The Lower East Side Film Festival (LESFF) is back, folks!
Now in its 16th year, LESFF will return on April 30 through May 4, taking over downtown venues (primarily Village East Cinema) with a mix of premieres, shorts, throwbacks and some very downtown-coded events.
The festival, founded in 2011, is known for championing under-the-radar filmmakers who may not have Marvel budgets but do have something to say. Over the years, it’s expanded well beyond straightforward screenings into a full-on downtown happening, complete with parties, receptions and the occasional anything-goes programming twist.
This year’s lineup kicks off on opening night with the New York premiere of Run Amok, a debut feature from NB Mager starring Alyssa Marvin alongside Patrick Wilson and Margaret Cho. The film follows a teenager channeling trauma into a musical, which feels very on-brand.
Elsewhere, there’s plenty to dig into. The Ark, part of the festival’s “Stay Indie” spotlight, takes viewers into eastern Ukraine, where a family’s farm becomes a refuge for displaced animals during the war. A 25th-anniversary screening of Ghost World will bring cast members back for a reunion and Q&A, while the closing night film, Public Access, looks at New York’s public-access TV boom and its influence on today’s creator culture.

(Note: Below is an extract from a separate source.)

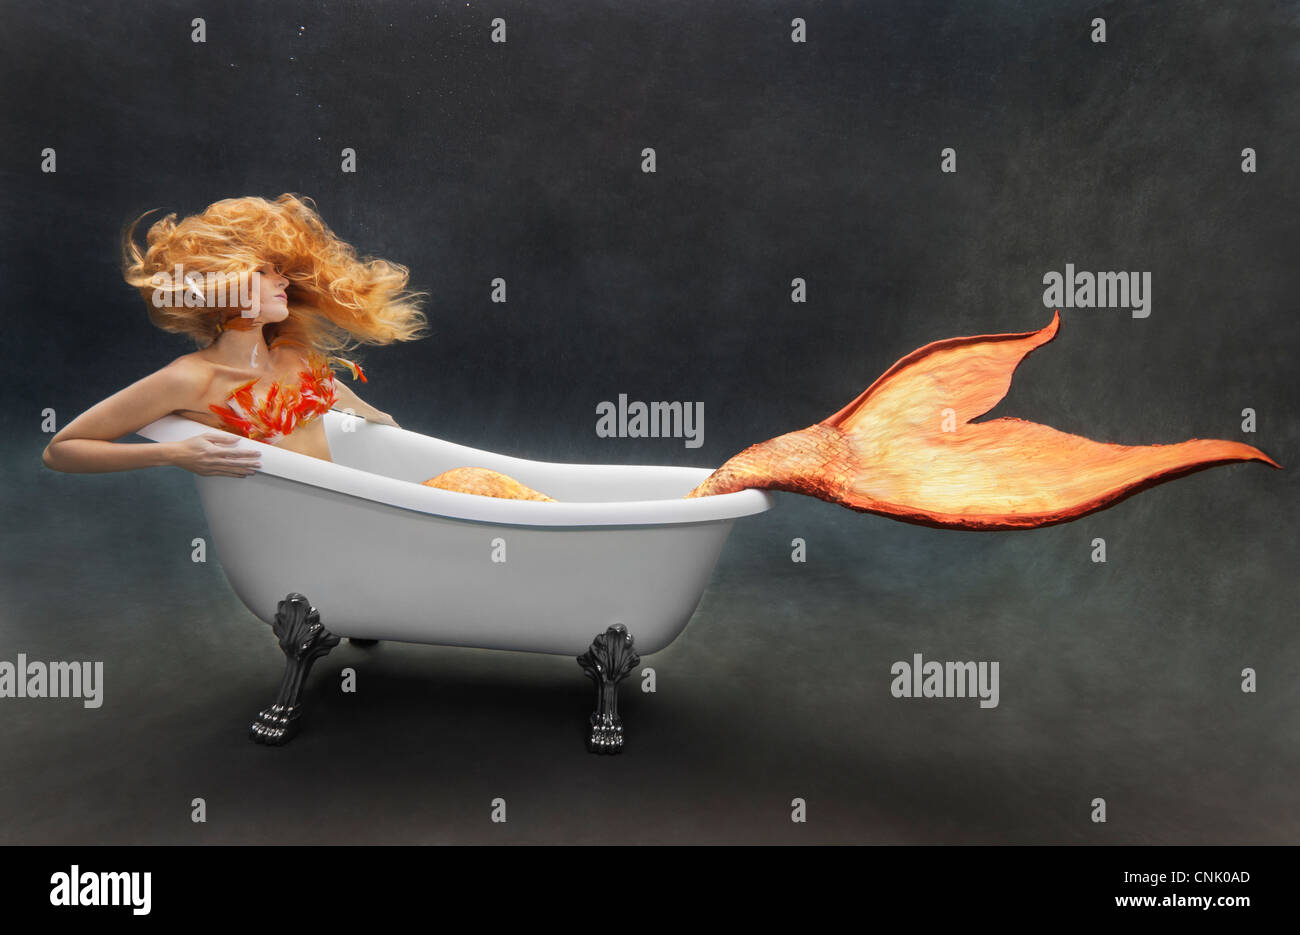 Young mermaid lounging underwater in her Victoria + Albert bathtub Stock Photo

The broader slate mixes features with themed shorts blocks—everything from “Living the Dream” hustle stories to late-night, slightly chaotic “Mind F*ck Shorts”—plus premieres like Danny Is My Boyfriend, a lo-fi revenge comedy about two women dating the same guy, and The Plan, a one-take drama about a group of idealists unraveling. If you don’t want to commit to a dark theater the whole time, LESFF is also bringing back its free “Movies in the Park” series this summer, turning Tompkins Square Park into an open-air cinema.
Tickets are already on sale, with individual screenings, event-specific tickets (like the opening night and party) and a five-day all-access pass—priced at $115—that gets you into pretty much everything, including receptions and open-bar events. Fair warning: capacity is limited, and some of the buzziest events tend to sell out fast.